Alumnus Wyatt Weller has historic family ties to Concordia University, Nebraska

Published by Amy Crawford 1 month ago on Tue, Apr 9, 2024 7:55 AM

Wyatt Burke Weller ’18 first discovered Concordia University, Nebraska through a high school baseball camp, but he has historic family ties to Concordia Nebraska, too. 

Reverend George Weller, first president of Concordia from 1894-1914 and professor for another 10 years after, is my fourth great uncle, a direct decedent of Reverend Johann George Weller’s brother Heinrich Weller,” he said. “Weller Hall is named in his honor. To my family’s knowledge, I am believed to be the first direct descendent to attend and graduate Concordia Nebraska since its founding.” 

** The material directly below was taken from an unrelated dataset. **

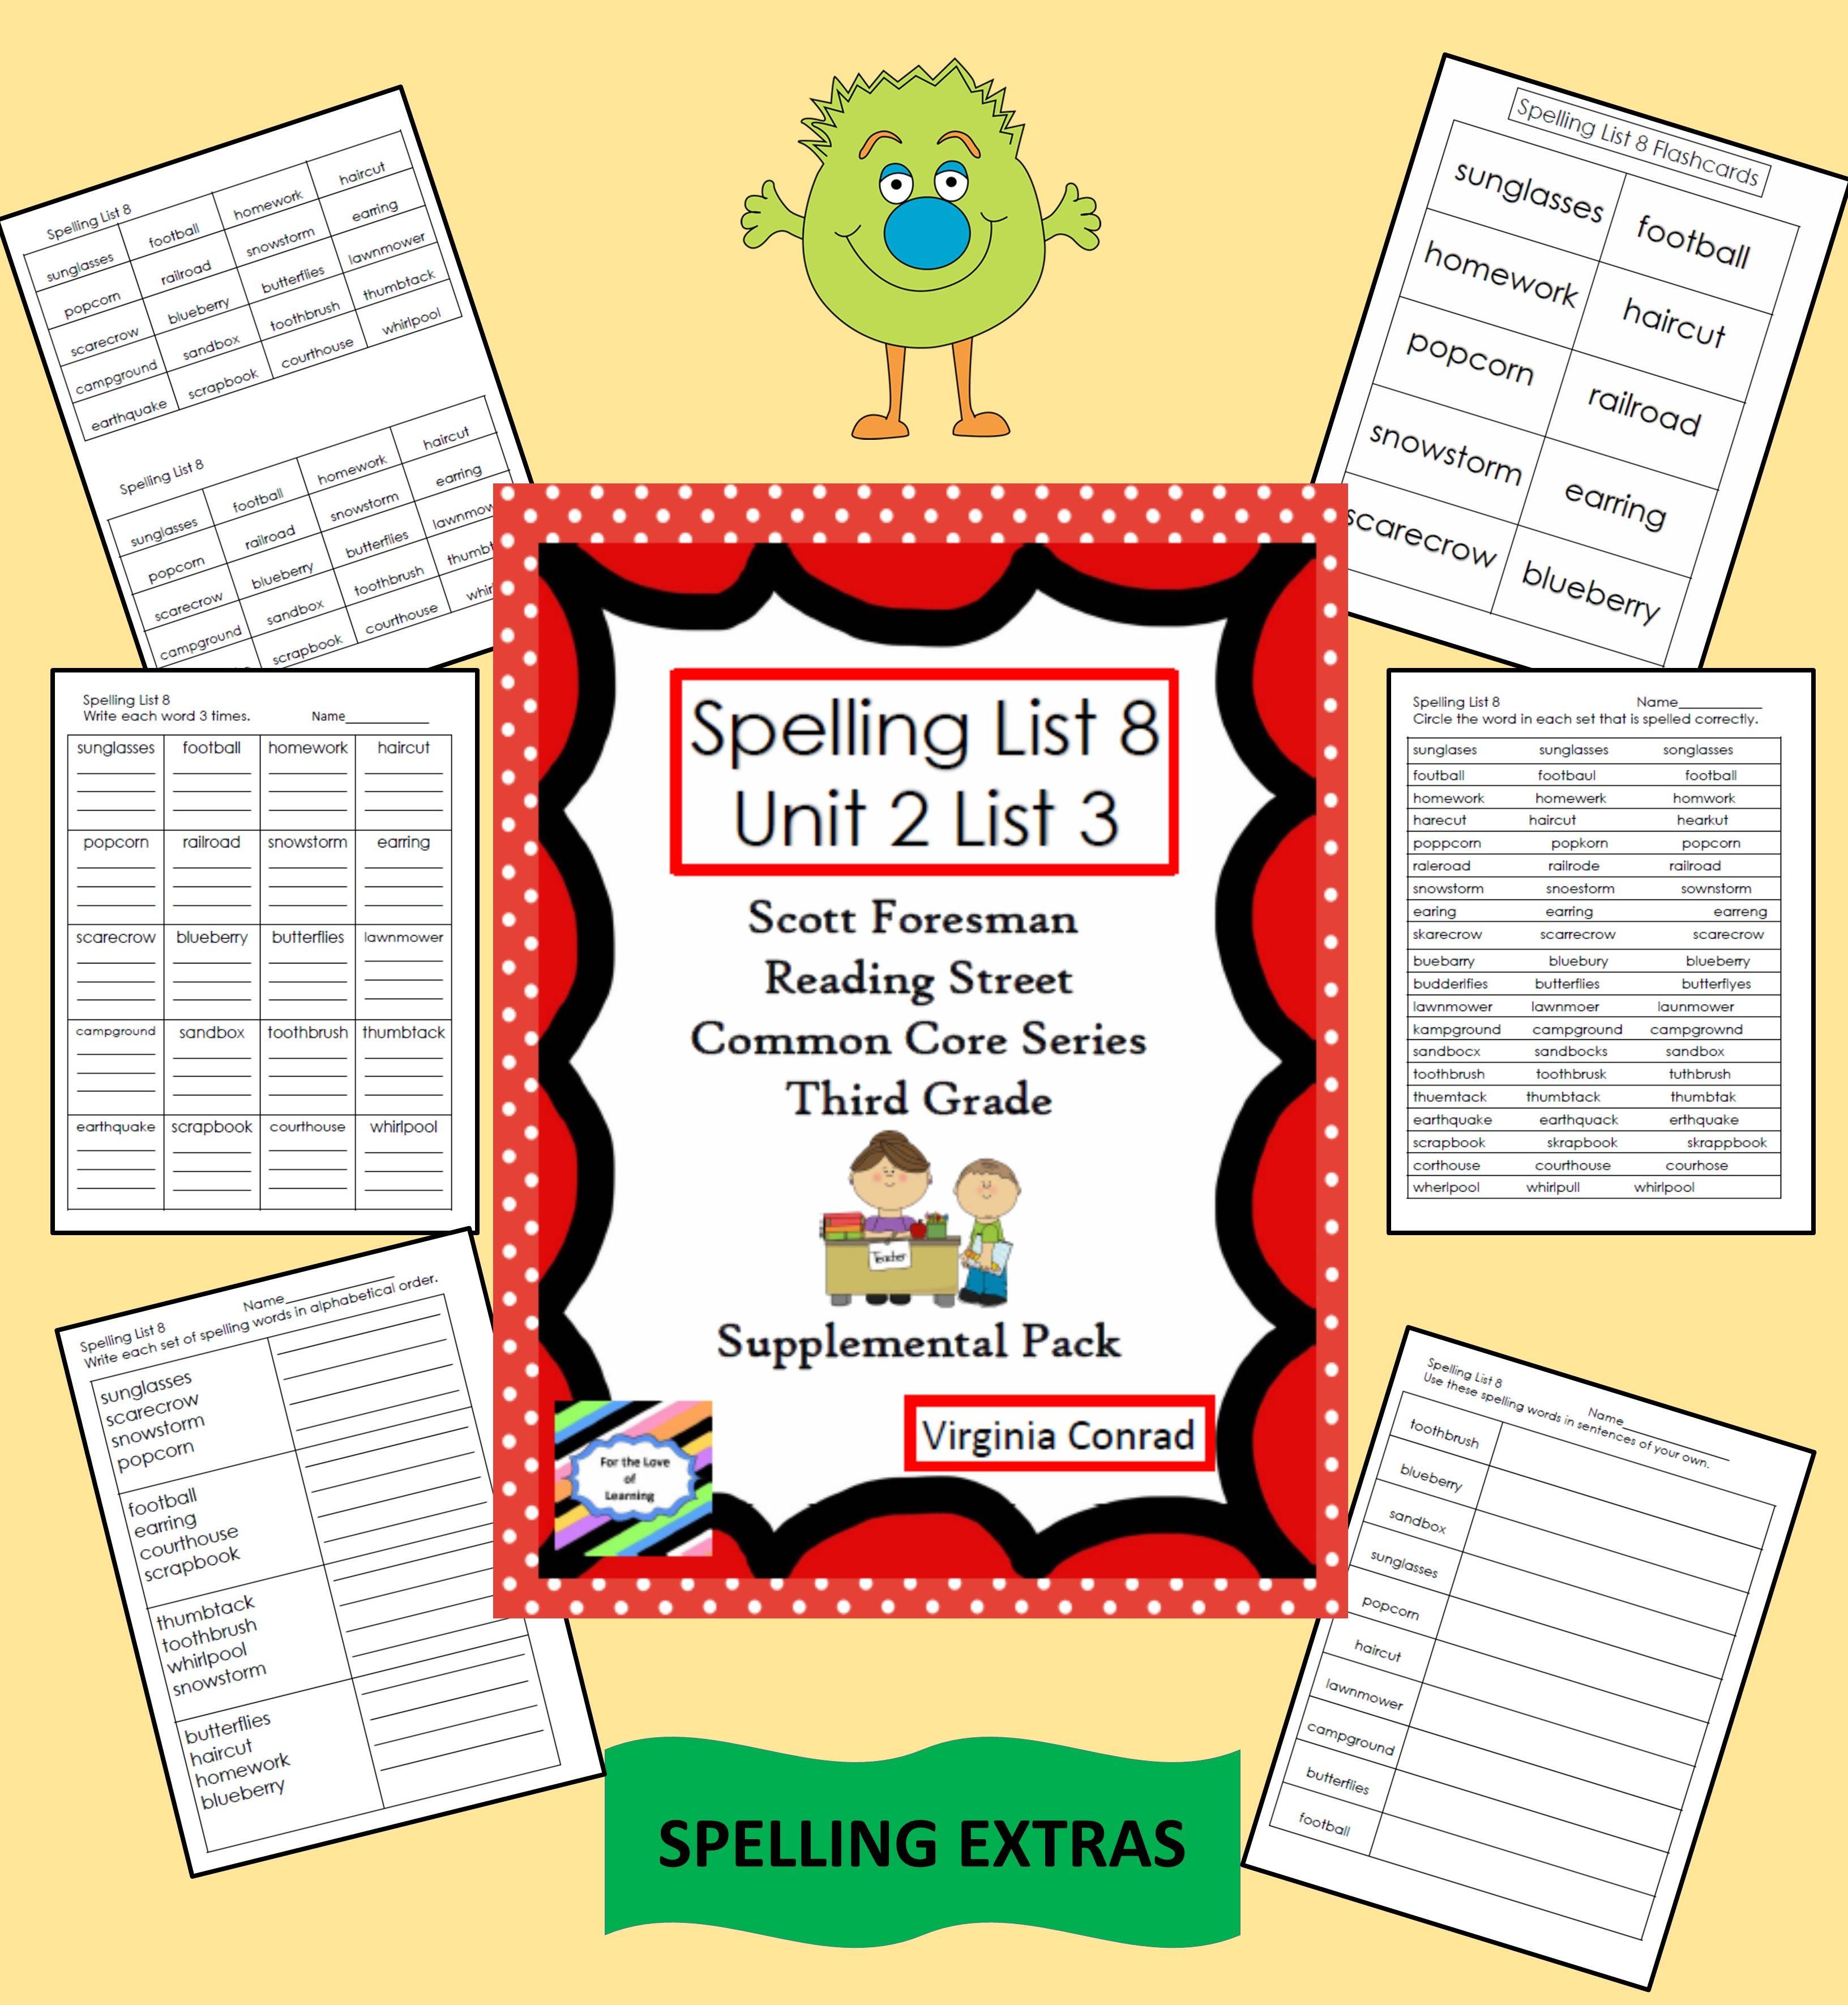 Supplemental Materials For Spelling List 8 Unit 2 List 2

Weller worked with Concordia Nebraska baseball coaches Jeremy Geidel CO ’96 GR ’00, Rich Eber GR ’13 and John Couch ’10 during his baseball camp which offered him his first experience on campus. 

“I had interest in playing [baseball] at Concordia,” he said. “Other schools I had visited never felt like home, but Concordia did from the first moment. After my visit, I remember telling my parents I didn’t want to visit other schools anymore and it was settled.” 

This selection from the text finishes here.